Exercise material:
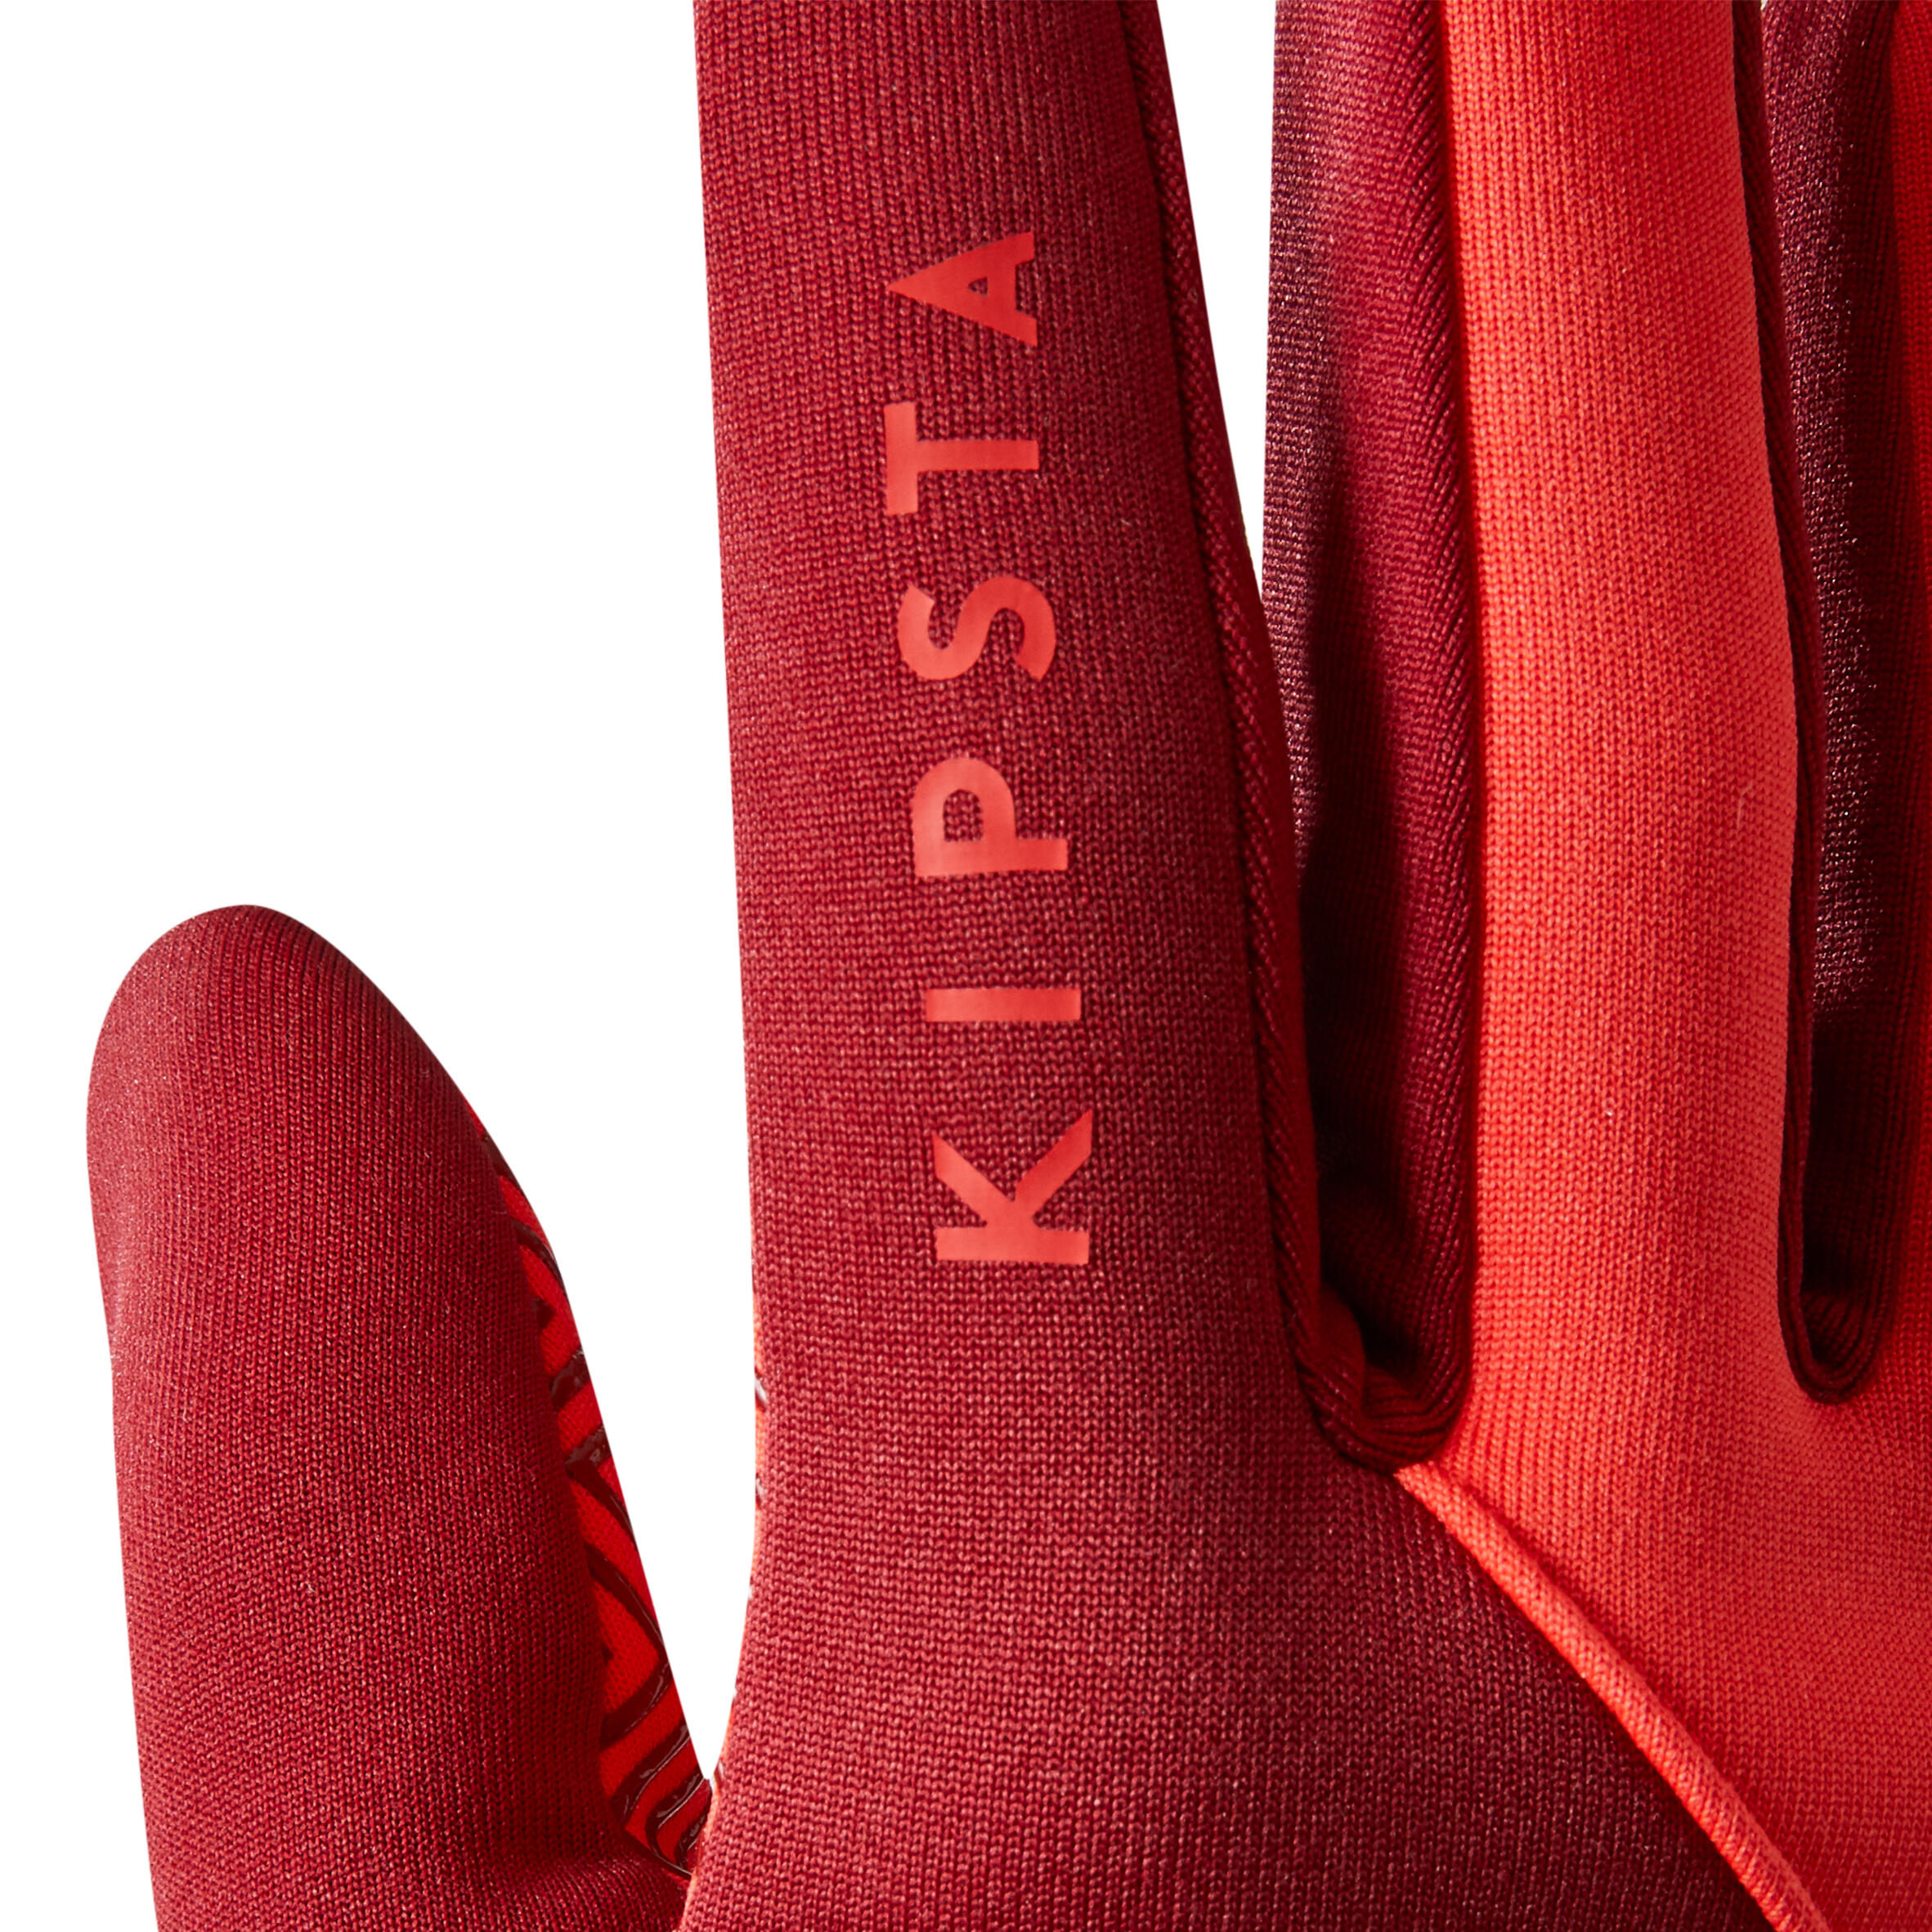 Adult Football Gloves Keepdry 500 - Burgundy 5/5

==

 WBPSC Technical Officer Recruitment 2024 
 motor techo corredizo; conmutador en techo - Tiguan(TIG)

Instructions for the task: In the material above, find the line containing "WBPSC Technical Officer Recruitment 2024" and the line containing "motor techo corredizo;", then write out exactly those two lines and every line between them, and nothing more.

Written response:
 WBPSC Technical Officer Recruitment 2024 
 motor techo corredizo; conmutador en techo - Tiguan(TIG)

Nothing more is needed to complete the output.